Code for the second insert:

TRUNCATE TABLE FactResellerSalesXL_PageCompressed_Heap;

-- insert 100k rows with minimal logging
INSERT INTO FactResellerSalesXL_PageCompressed_Heap WITH (TABLOCK)
SELECT TOP 100000 *
FROM FactResellerSalesXL_PageCompressed
ORDER BY SalesOrderNumber, SalesOrderLineNumber
OPTION (MAXDOP 1);

-- check space
EXEC sp_spaceused FactResellerSalesXL_PageCompressed_Heap;

Result:

╔═════════════════════════════════════════╦════════╦══════════╦═════════╦════════════╦════════╗
║                  name                   ║  rows  ║ reserved ║  data   ║ index_size ║ unused ║
╠═════════════════════════════════════════╬════════╬══════════╬═════════╬════════════╬════════╣
║ FactResellerSalesXL_PageCompressed_Heap ║ 100000 ║ 5832 KB  ║ 5776 KB ║ 8 KB       ║ 48 KB  ║
╚═════════════════════════════════════════╩════════╩══════════╩═════════╩════════════╩════════╝

Answer 1

When I initially looked over your question, I thought that perhaps the second insert was benefitting from the first insert. Now that I look more closely, my initial though was that, due to the exclusive table lock, you were getting much denser pages than without the lock. This is why the rebuild on the heap created without the lock gets you down to almost identical table size.

To test my theory, I did things slightly differently. I generated two separate tables in advance, and then ran each of your queries so that I created two tables that both existed at the same time (this eliminates quasi-related things, like page reuse from the truncate you performed). This way I could compare them directly.
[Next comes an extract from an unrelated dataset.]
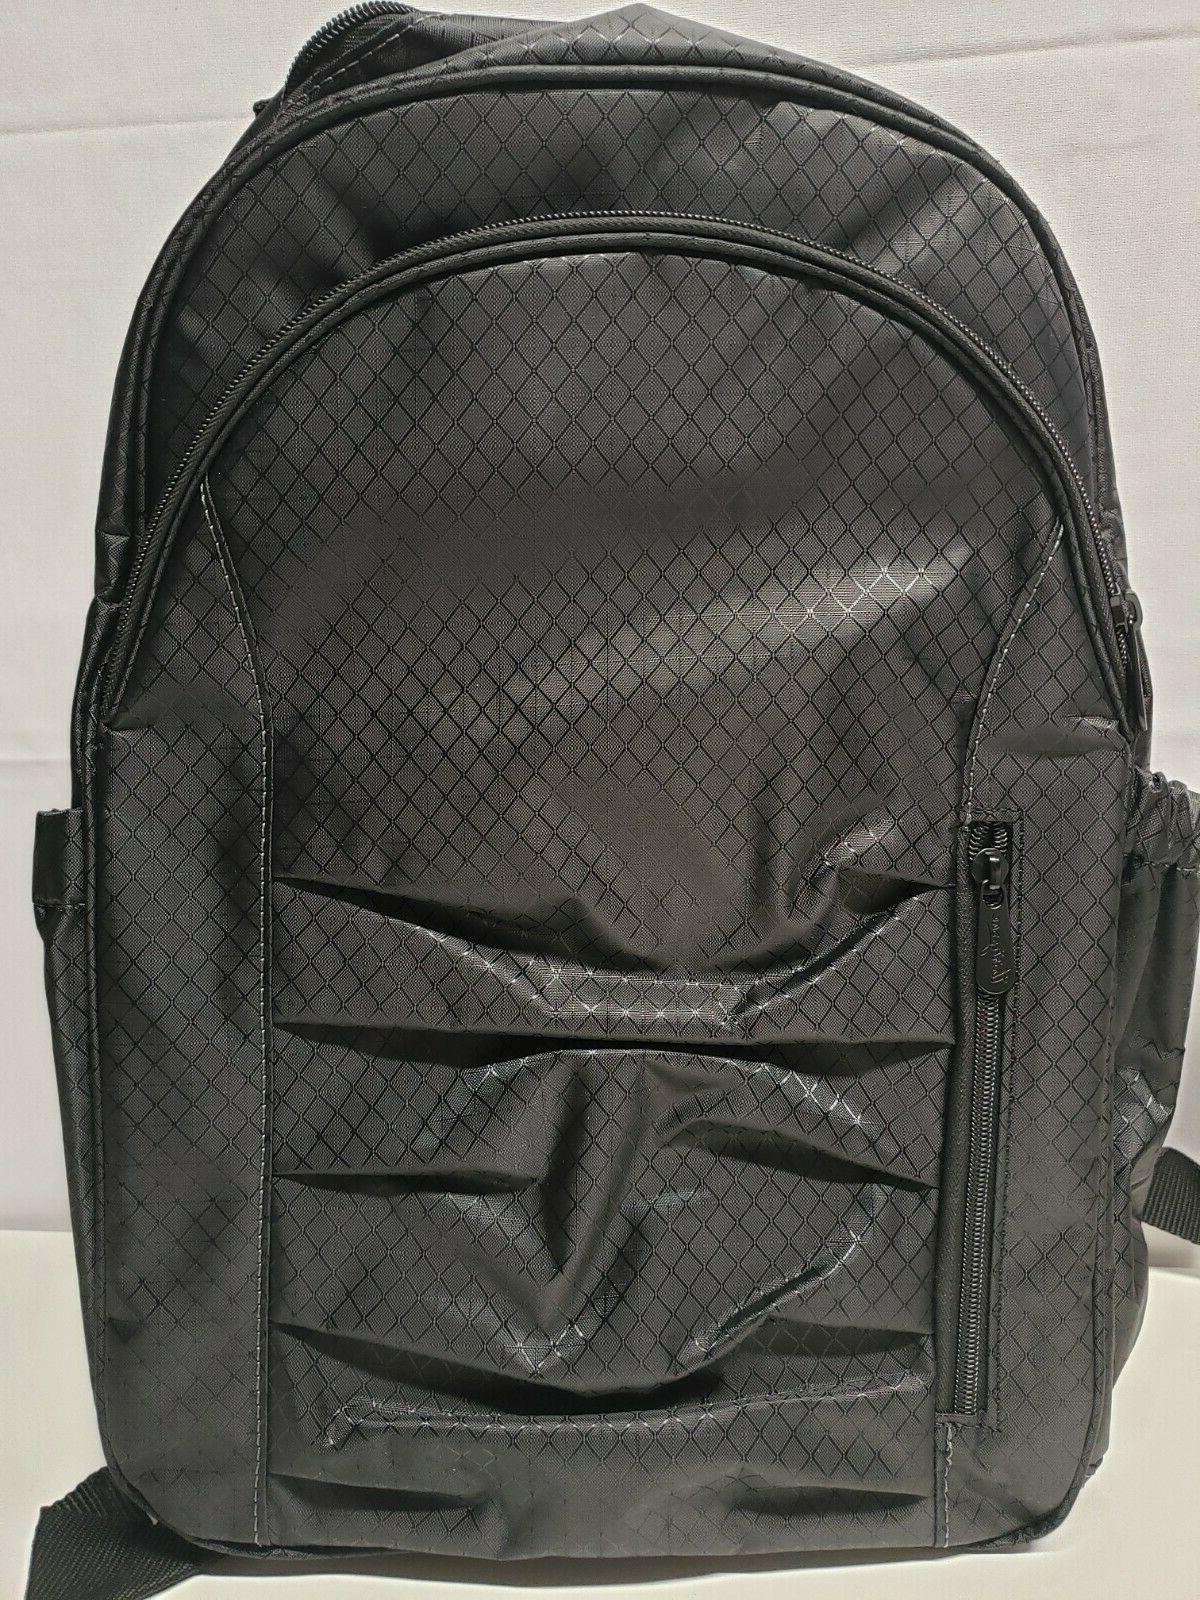 Thirty Black Her Deluxe Backpack W/ Mini Crossbody

SELECT * INTO dbo.Heap_Tablock 
FROM FactResellerSalesXL_PageCompressed WHERE 1 = 0;
ALTER TABLE dbo.Heap_Tablock REBUILD WITH (DATA_COMPRESSION = PAGE);

SELECT * INTO dbo.Heap_NoTablock 
FROM dbo.FactResellerSalesXL_PageCompressed WHERE 1 = 0;
ALTER TABLE dbo.Heap_NoTablock REBUILD WITH (DATA_COMPRESSION = PAGE);

My first observation was that the population without tablock, even if run second (so benefitting from data already in cache), execution time was about 4X (only about 2X with clean BP each time). This is partly due to minimal logging, of course. But all of it? Not sure yet.
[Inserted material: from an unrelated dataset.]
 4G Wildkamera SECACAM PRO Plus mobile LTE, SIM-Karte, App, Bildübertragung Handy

-- 3 seconds; 9 seconds after DROPCLEANBUFFERS
INSERT INTO dbo.Heap_Tablock  WITH (TABLOCK)
SELECT TOP 100000 * FROM dbo.FactResellerSalesXL_PageCompressed
ORDER BY SalesOrderNumber, SalesOrderLineNumber
OPTION (MAXDOP 1);

-- 13 seconds; 17 seconds after DROPCLEANBUFFERS
INSERT INTO dbo.Heap_NoTablock 
SELECT TOP 100000 * FROM dbo.FactResellerSalesXL_PageCompressed
ORDER BY SalesOrderNumber, SalesOrderLineNumber
OPTION (MAXDOP 1);

Rather than look at sp_spaceused, which is rather high level and doesn't answer any questions, I looked at sys.dm_db_database_page_allocations instead. First, I just looked at the counts:

SELECT COUNT(*) FROM sys.dm_db_database_page_allocations(
  DB_ID(), OBJECT_ID(N'dbo.Heap_Tablock'), 0, NULL, 'LIMITED');

-- 737

SELECT COUNT(*) FROM sys.dm_db_database_page_allocations(
  DB_ID(), OBJECT_ID(N'dbo.Heap_NoTablock'), 0, NULL, 'LIMITED');

-- 1,569

So, without tablock, a lot more pages are associated with the table. But are they all allocated? Are the pages in the smaller table denser, contain ghost records, more likely to be compressed? Inquiring minds want to know!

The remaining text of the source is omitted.